Unfortunately, accurate values for individual wind power generation and load levels at the time of the fault were not stored until the initialization of this project since relays retain the measurement data for only 90 days and it was 95 days after the fault that it was decided to initiate the project. Assumptions were thus made based on all the information available.

The total wind power generation and load at the time of the fault were known to be 37 and 100 MW respectively. To be able to choose values for the generation and load at different nodes, all the available power flow measurements on ac lines were studied; this allowed dividing Gotland into five regions, as seen in Table 1.

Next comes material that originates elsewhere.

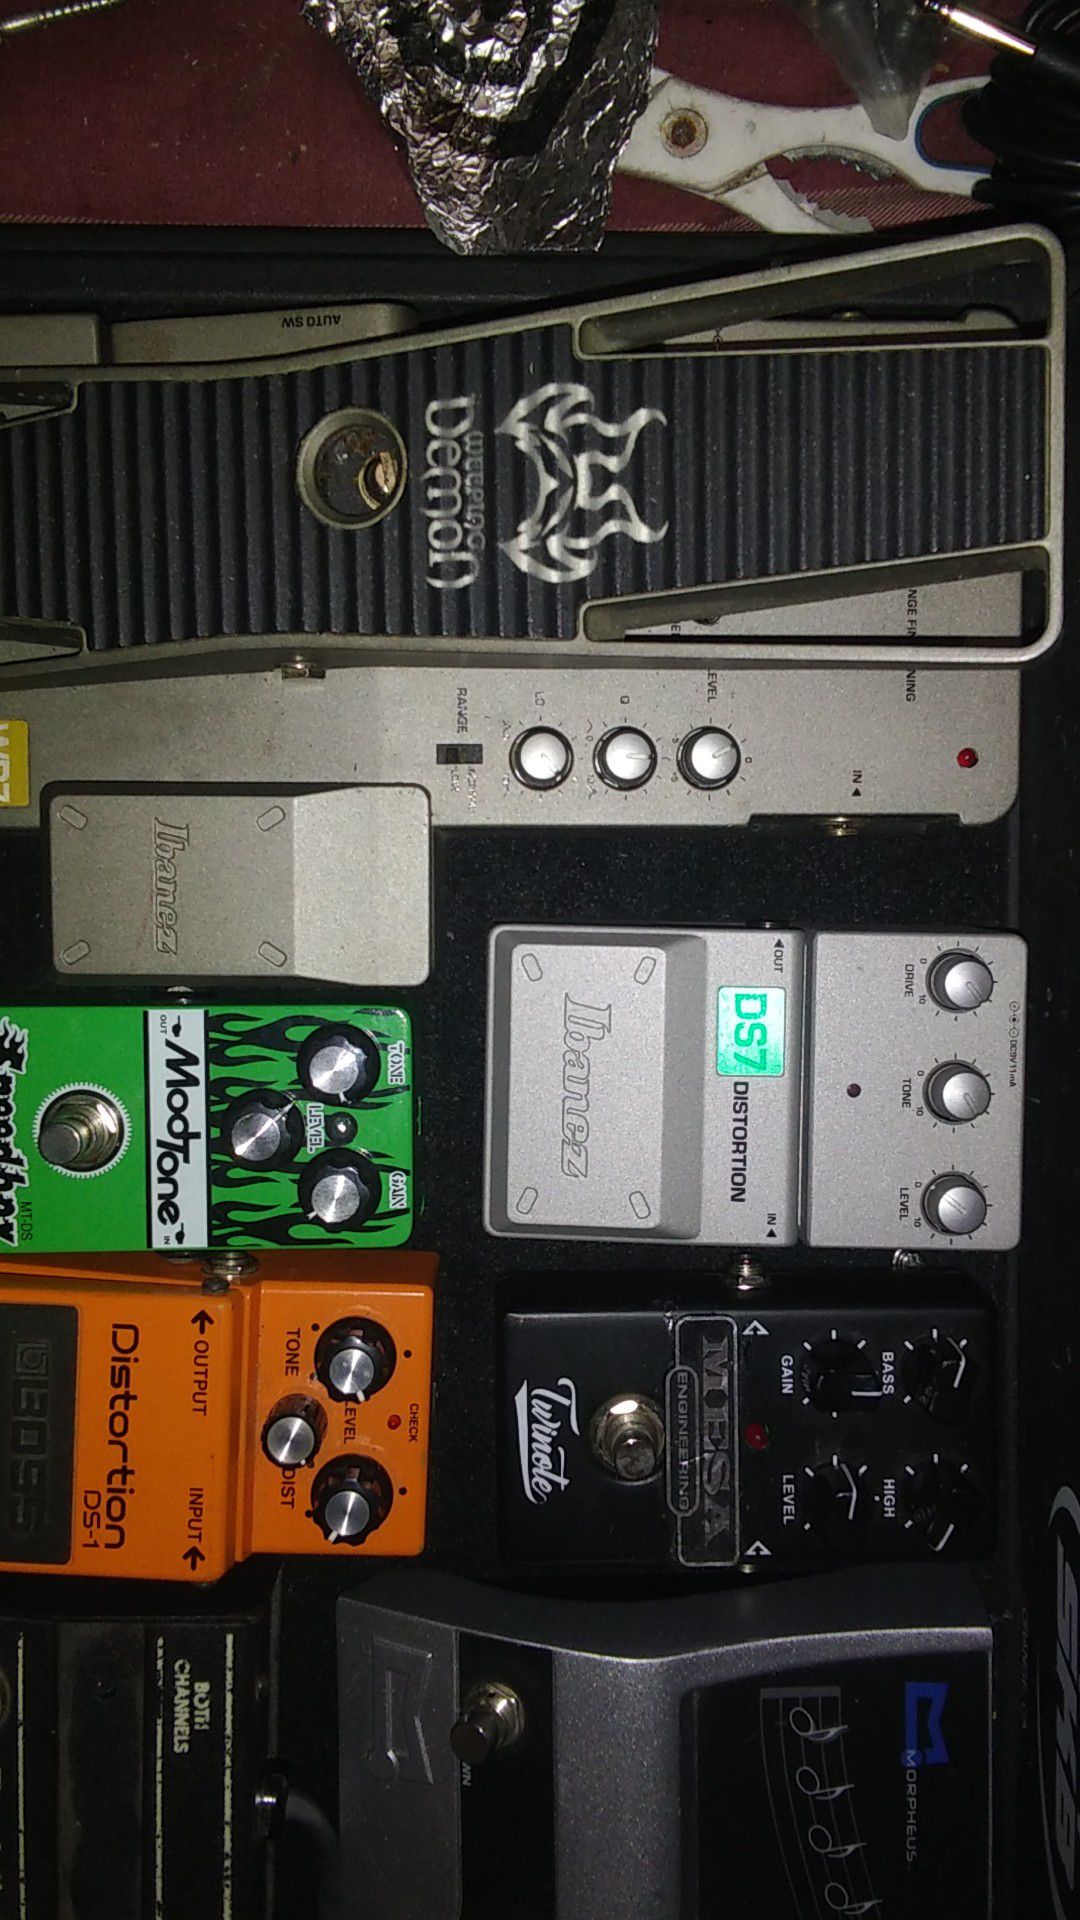 GUITAR FX//EFFECTS PEDALS & XL SKB POWERED PEDALBOARD, MARSHALL PDLS, (3 have sold, BOOGIE, ds1, Randall. Replaced w marshal pedals)
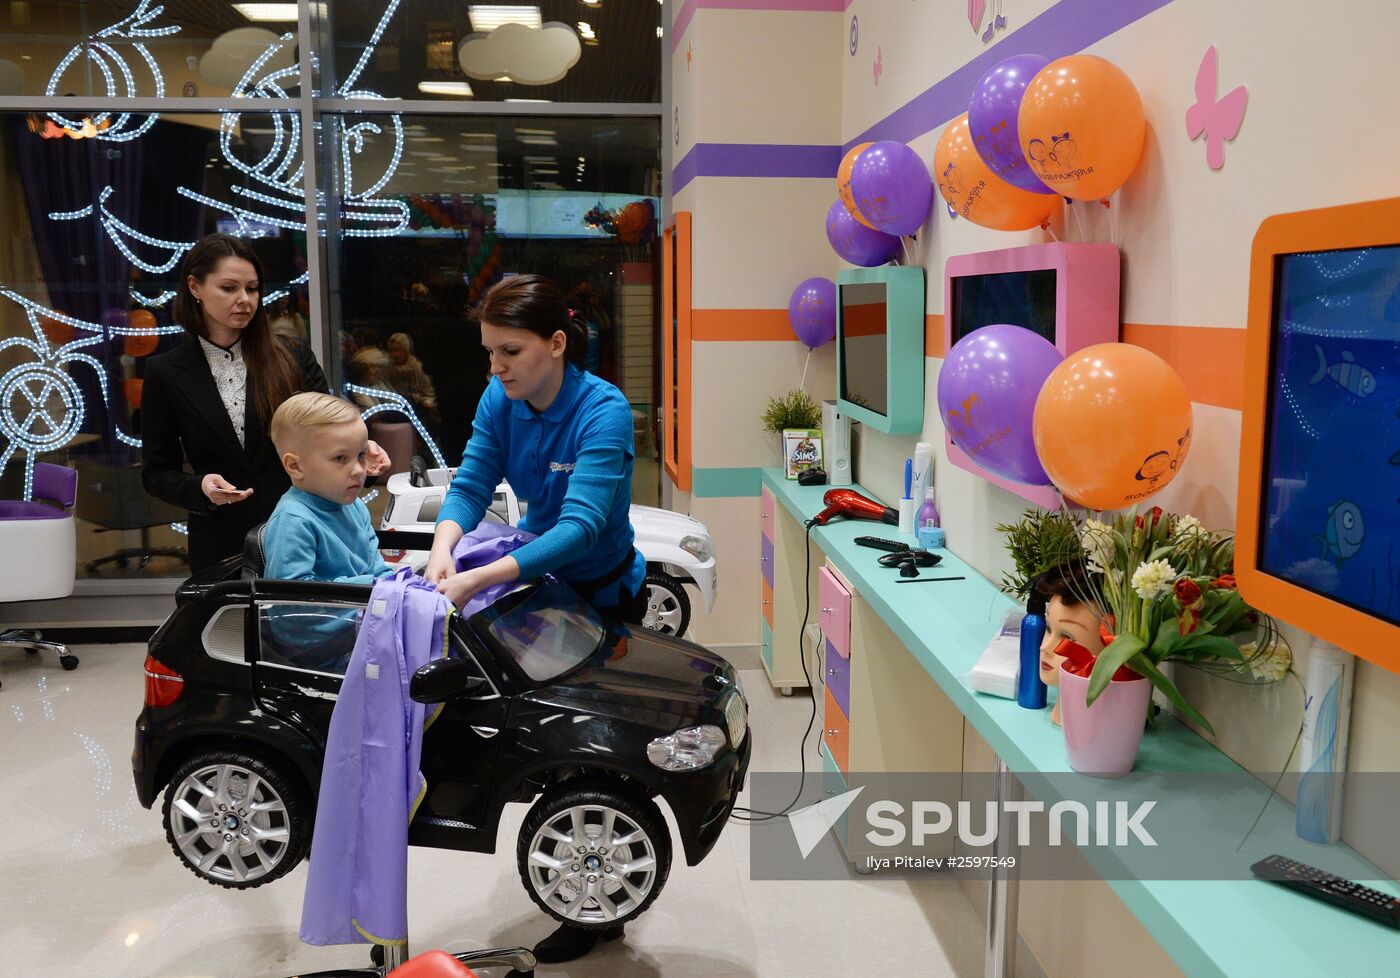 Central Children's Store on Lybyanka opens in Moscow

Table 1: Gotland Regions Region Nodes A Näs (I & II), Öja, Stenbro B Hemse, Havdhem C Hellvi, Storugns, Hultungs D Slite, E The rest of the nodes

The lines separating these regions are listed in Table 2.

Table 2: Lines Separating Regions Line Connecting Regions* Power Flow (MW) L41_S1 A to B 9.89 HVDC Light A to E 0.2 L8_S2 B to E 1.57 L2_S4 B to E 6.25 L1_S1 C to D 0.275 L6_S1 E to D 14.84 L7_S1 E to D 21.4 * The sequence is used to show the direction of the power flow at the time of the fault

A summary of this information can be seen in Figure 11.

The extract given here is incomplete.